Authors

Barry Friedman

Abstract

Very few people are happy at present with the law review publishing process, from article submission and selection to editing. Complaints are longstanding; similar ones emerge from faculty and students alike. Yet, change has not occurred. We remain locked in a process in which neither faculty nor students are happy.

This Article recommends wholesale changes to the submission and editing process. The first part details the dysfunctions of the current system, including everything from lack of student capacity to evaluate faculty scholarship—particularly under the gun of the expedite process—to faculty submitting subpar work in light of rigid submission cycles. It then turns to a perverse defense of the current system. In light of technological change, law reviews play a very different function at present than even twenty years ago. Most faculty publish their work on electronic databases prior to submission to law reviews. Law reviews serve as the final resting place of those articles for archival purposes, while ostensibly providing students with a sound pedagogical experience. Even so, the system has huge and unacceptable costs; student editors scramble over one another to accept manuscripts, often wasting time on rejected submissions, while faculty labor with student overediting, all in the service of articles that for the most part are rarely or never cited.

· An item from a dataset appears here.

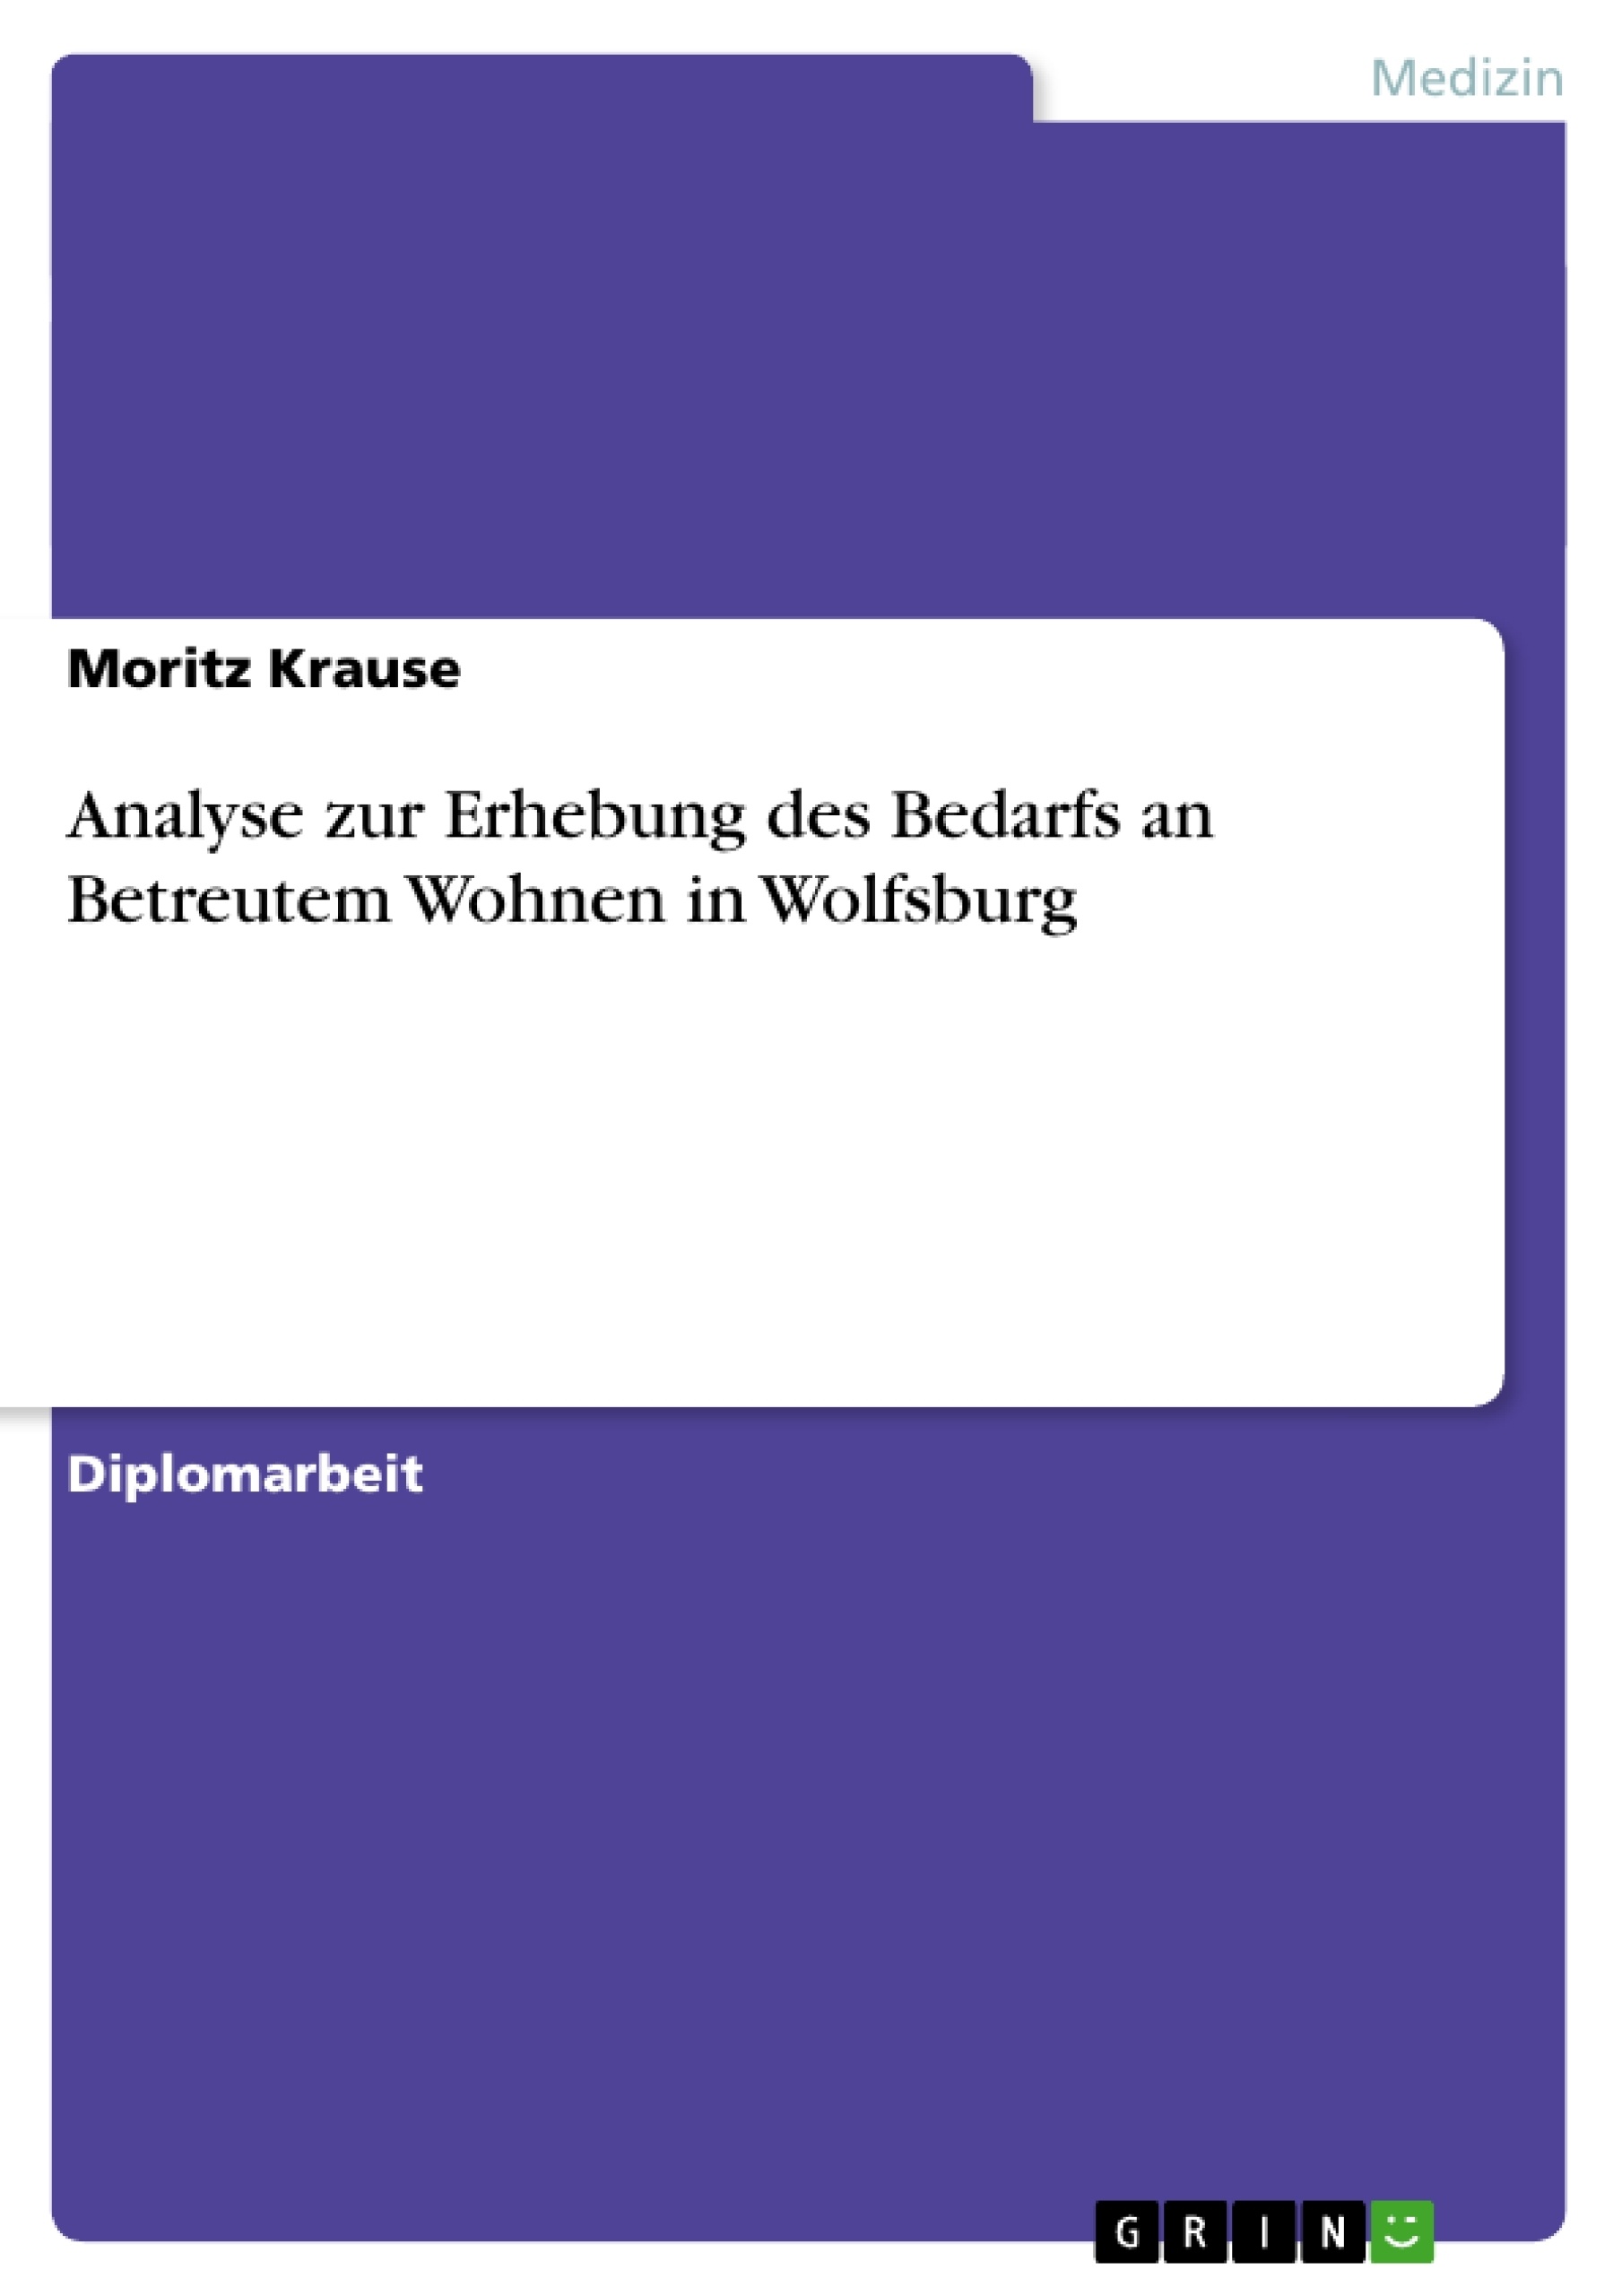 Title: Analyse zur Erhebung des Bedarfs an Betreutem Wohnen in Wolfsburg

It is time to change the present system, to produce better published scholarship, at lower cost to faculty and students. This ought to include blind submission, elimination of submitting articles to one’s own school, and some form of peer review. Authors should be required to limit submissions, or to accept the first offer they receive. And the editing process should be simplified, as the present system is far too elaborate, and fails to make scholarship the best it can be.